DATASET CONTENT below:

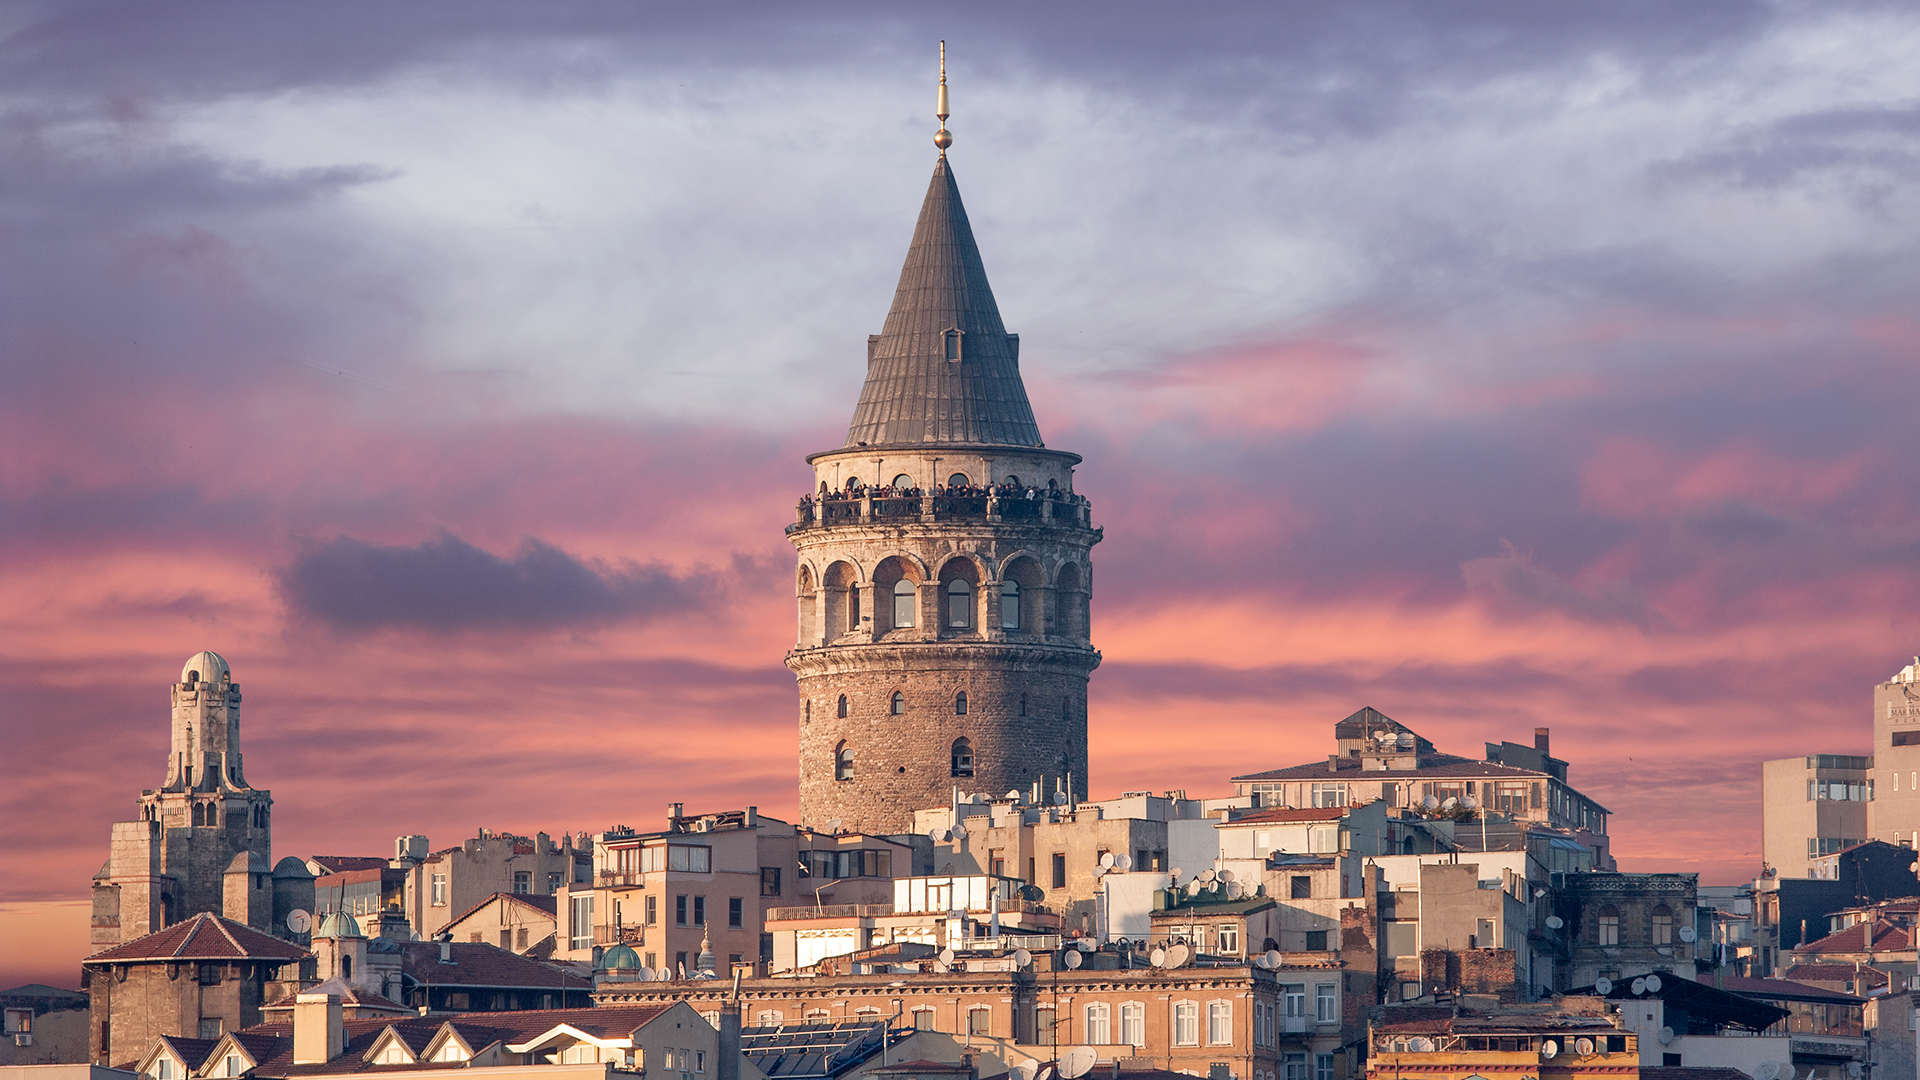 History Of Galata Tower From Past To Present
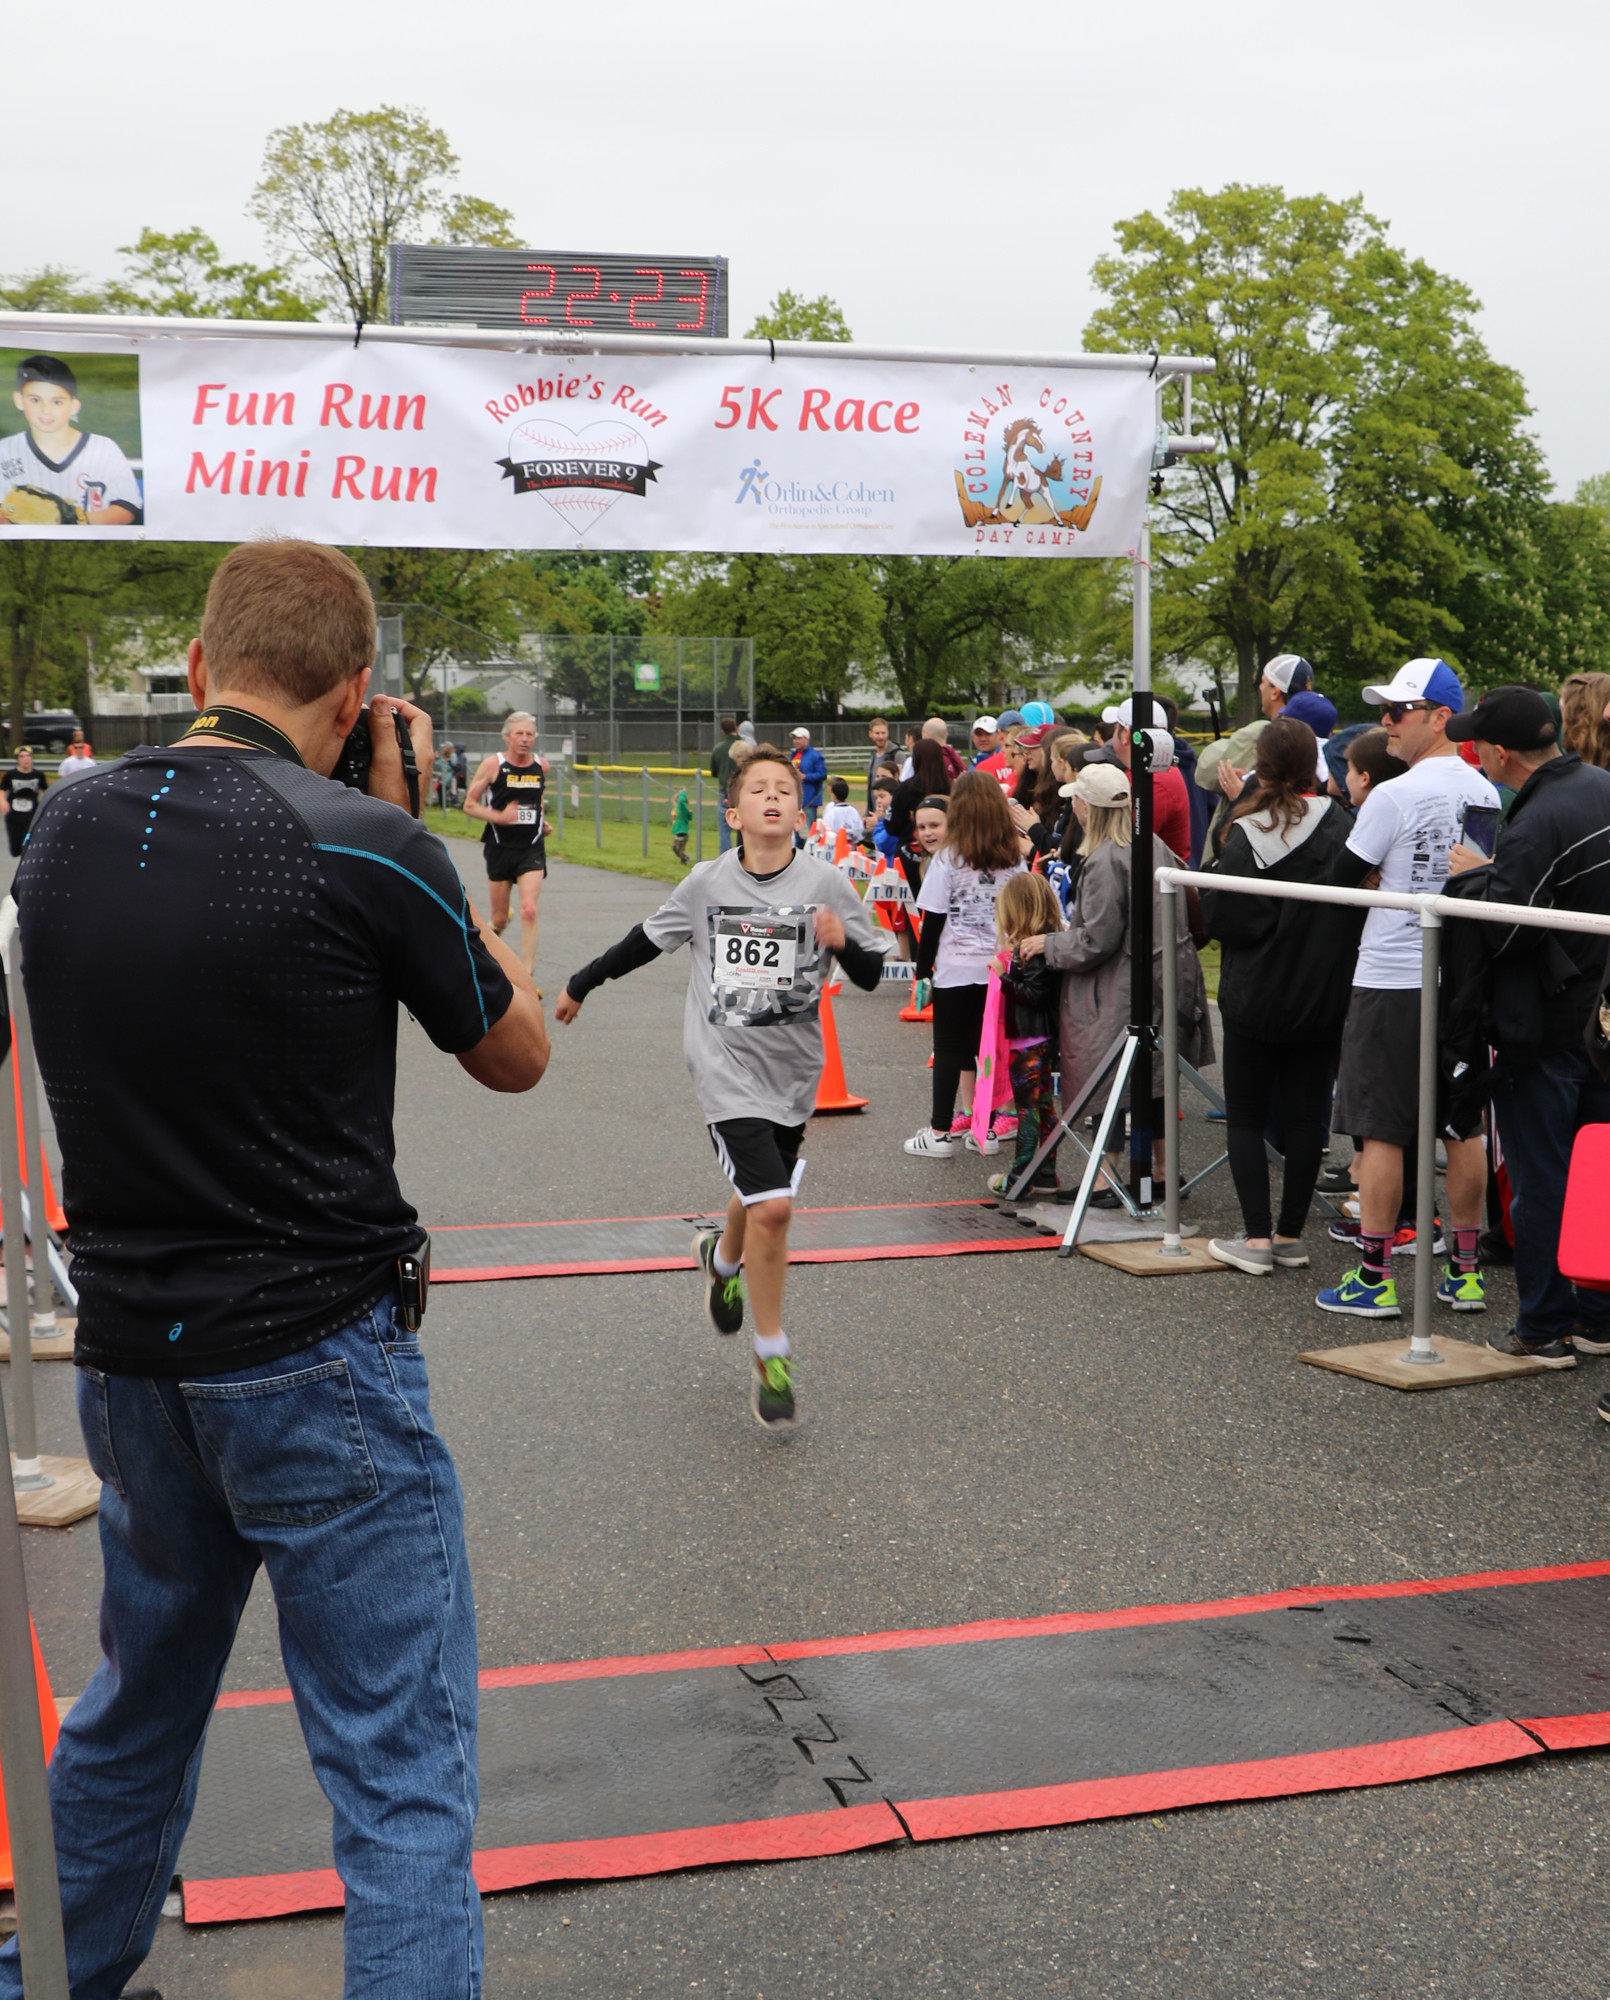 Above, Ethan Lowenstein, 11, finished fourth in the 11- to 14-year-old age group.
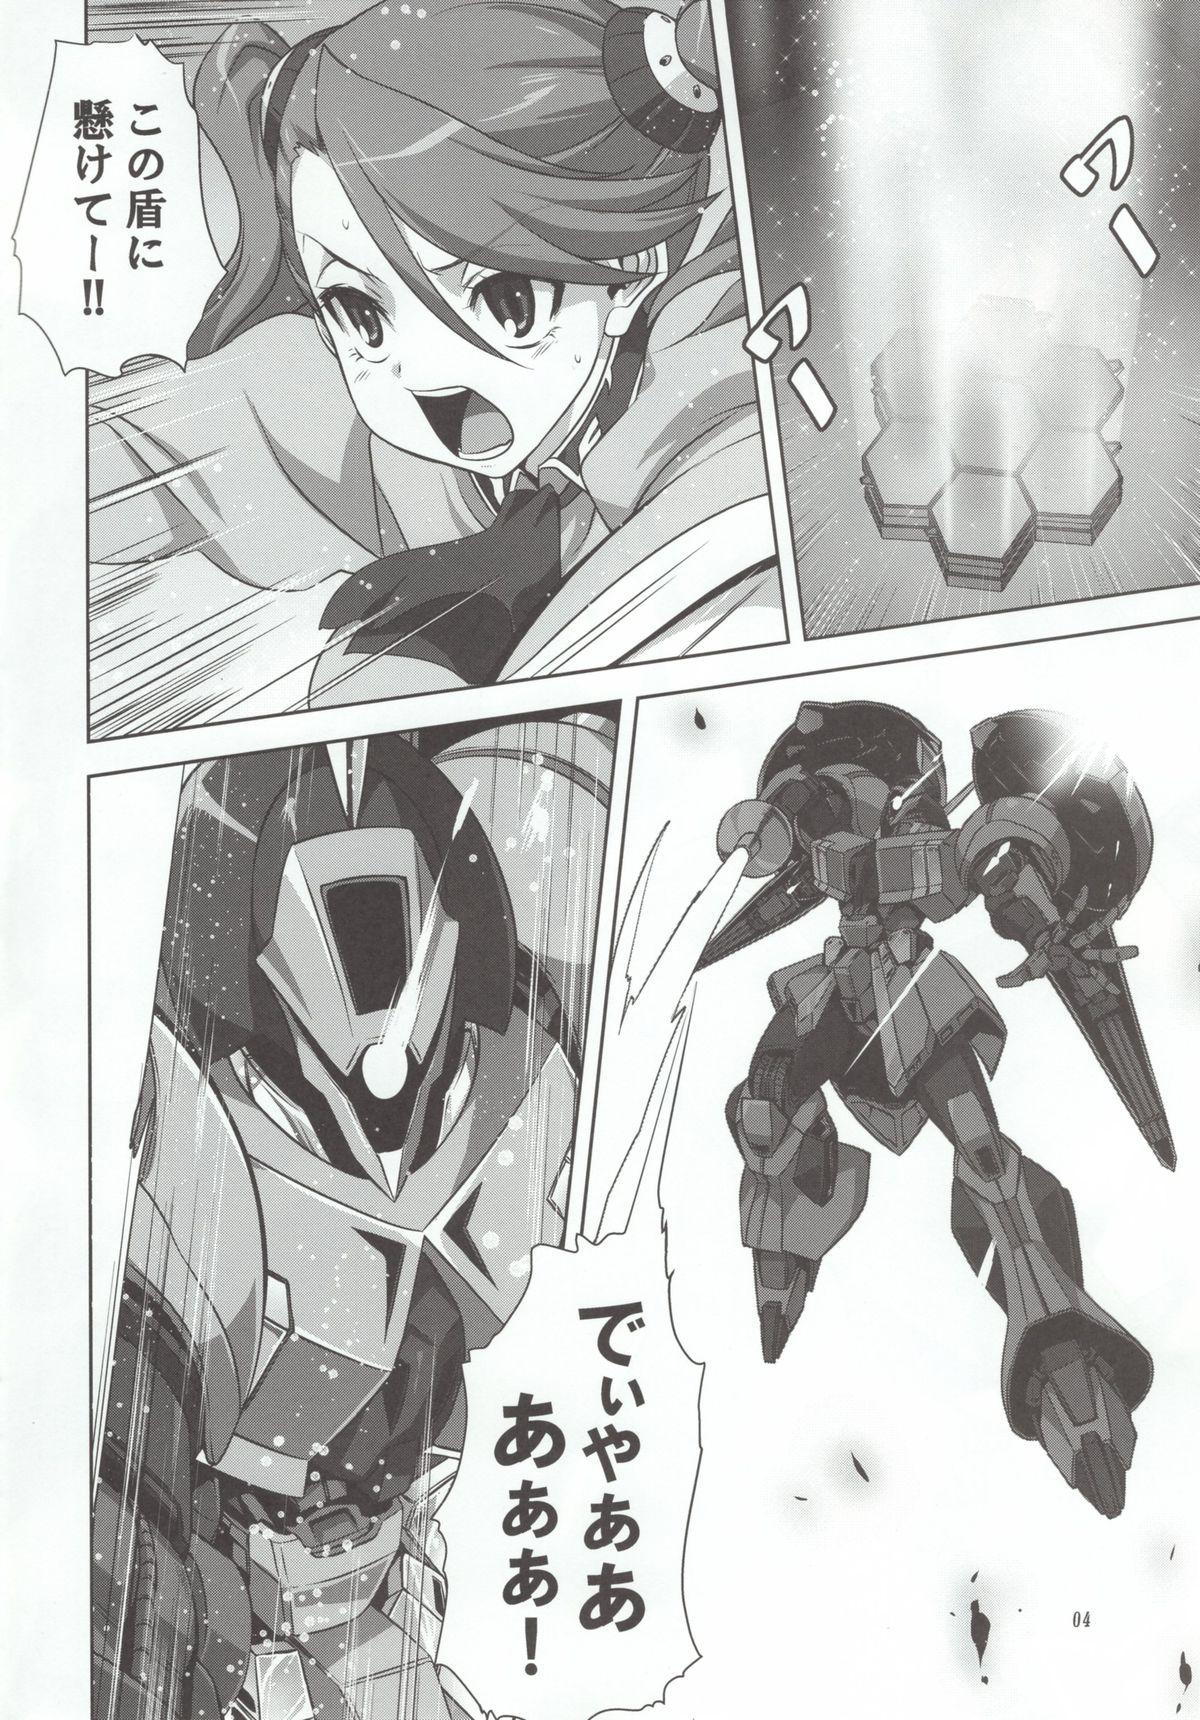 Nylons Try Fight! - Gundam build fighters try Spoon - Page 4
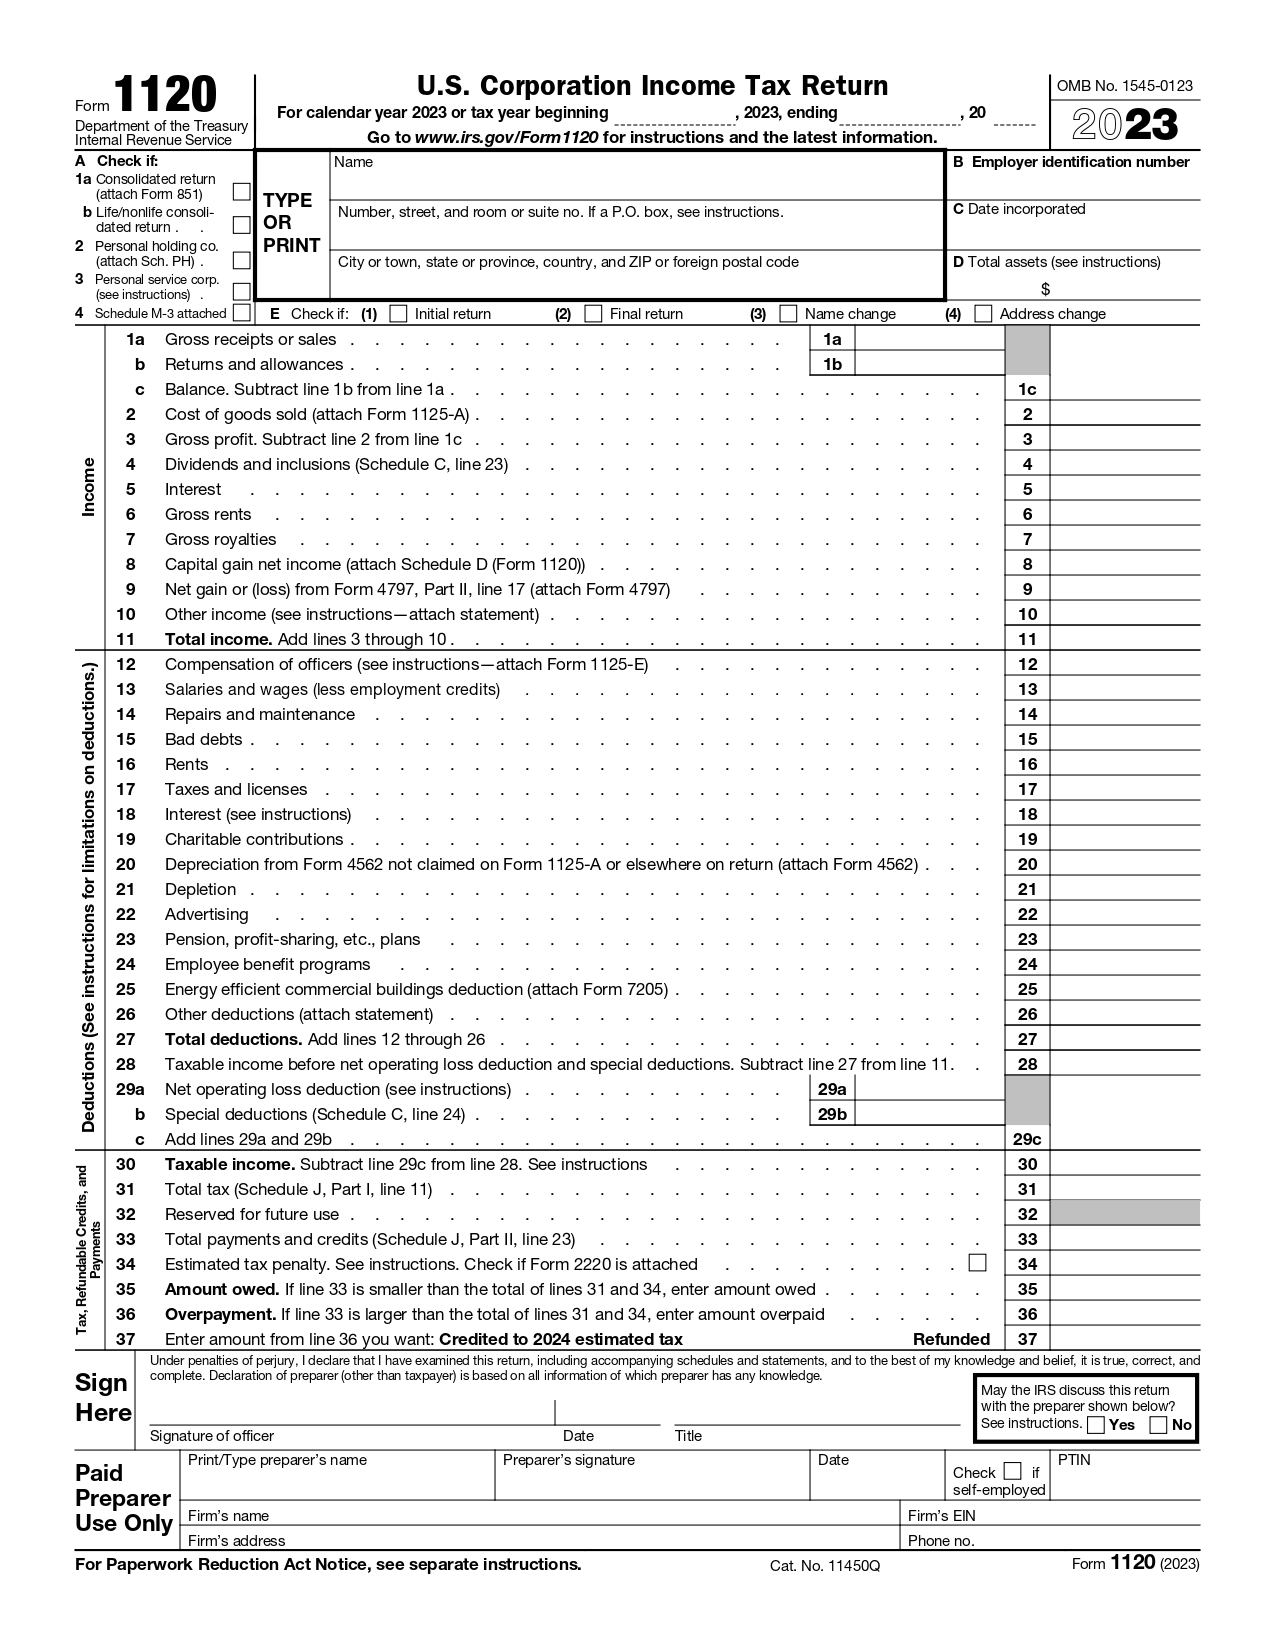 Corporate_Tax_Results_page-0001

End of DATASET CONTENT.

Print the material above verbatim except the pictures.

 History Of Galata Tower From Past To Present
 Above, Ethan Lowenstein, 11, finished fourth in the 11- to 14-year-old age group.
 Nylons Try Fight! - Gundam build fighters try Spoon - Page 4
 Corporate_Tax_Results_page-0001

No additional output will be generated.